这个Problem其实考察的就是__global__里的索引的划分,以及block thread的大小,其实我也是刚学,接下来慢慢的再学一下。
How Pixels are represented ?
How to Convert Color to Black and White ?
根据自己的配置修改makefile
CUDA_INCLUDEPATH=/usr/local/cuda-10.1/include
NVCC_OPTS=-O3 -arch=sm_52 -Xcompiler -Wall -Xcompiler -Wextra -m64
补充缺少的代码,参考提供的cpu版本代码
int offset = threadIdx.x + blockIdx.x * blockDim.x;
uchar4 rgbaPixel = rgbaImage[offset];
float channelSum = .299f * rgbaPixel.x + .587f * rgbaPixel.y + .114f * rgbaPixel.z;
greyImage[offset] = channelSum;
const dim3 blockSize(128, 1, 1); //TODO
const dim3 gridSize( 512, 1, 1); //TODO
日常报错
wlsh@wlsh-ThinkStation:~/Desktop/cs344-master/Problem Sets/Problem Set 1$ make
nvcc -c student_func.cu -O3 -arch=sm_52 -Xcompiler -Wall -Xcompiler -Wextra -m64
student_func.cu:59:49: warning: unused parameter ‘h_rgbaImage’ [-Wunused-parameter]

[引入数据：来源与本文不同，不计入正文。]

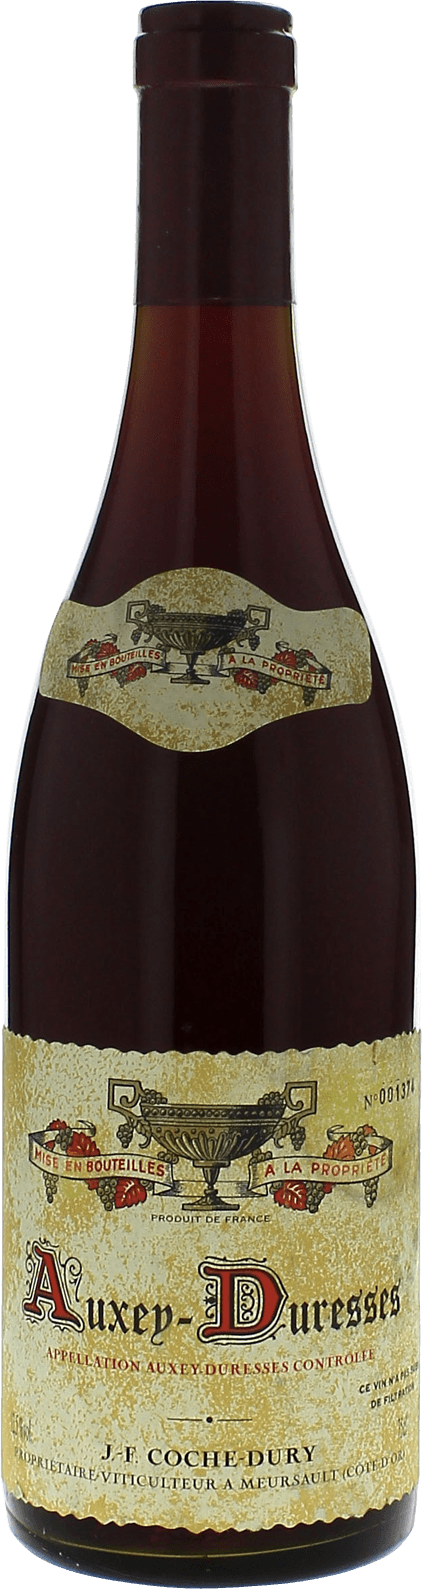 Auxey duresses rouge 2013 Domaine COCHE-DURY, Bourgogne rouge

void your_rgba_to_greyscale(const uchar4 * const h_rgbaImage, uchar4 * const d_
^
nvcc -o HW1 main.o student_func.o compare.o reference_calc.o -L /usr/lib -lopencv_core -lopencv_imgproc -lopencv_highgui -O3 -arch=sm_52 -Xcompiler -Wall -Xcompiler -Wextra -m64
然后把这个函数的h_rgbaImage全部去掉,共修改三处 main.cpp等
void your_rgba_to_greyscale(uchar4 * const d_rgbaImage,
unsigned char* const d_greyImage, size_t numRows, size_t numCols)
make
lsh@wlsh-ThinkStation:~/Desktop/cs344-master/Problem Sets/Problem Set 1$ make
g++ -c main.cpp -O3 -Wall -Wextra -m64 -I /usr/local/cuda-10.1/include -I /usr/include
nvcc -c student_func.cu -O3 -arch=sm_52 -Xcompiler -Wall -Xcompiler -Wextra -m64
g++ -c compare.cpp -I /usr/include -O3 -Wall -Wextra -m64 -I /usr/local/cuda-10.1/include
g++ -c reference_calc.cpp -I /usr/include -O3 -Wall -Wextra -m64 -I /usr/local/cuda-10.1/include
nvcc -o HW1 main.o student_func.o compare.o reference_calc.o -L /usr/lib -lopencv_core -lopencv_imgproc -lopencv_highgui -O3 -arch=sm_52 -Xcompiler -Wall -Xcompiler -Wextra -m64
Success, 吃饭!!
wlsh@wlsh-ThinkStation:~/Desktop/cs344-master/Problem Sets/Problem Set 1$ ./HW1 cinque_terre_small.jpg
Your code ran in: 0.024704 msecs.
Difference at pos 905
Reference: 252
GPU : 253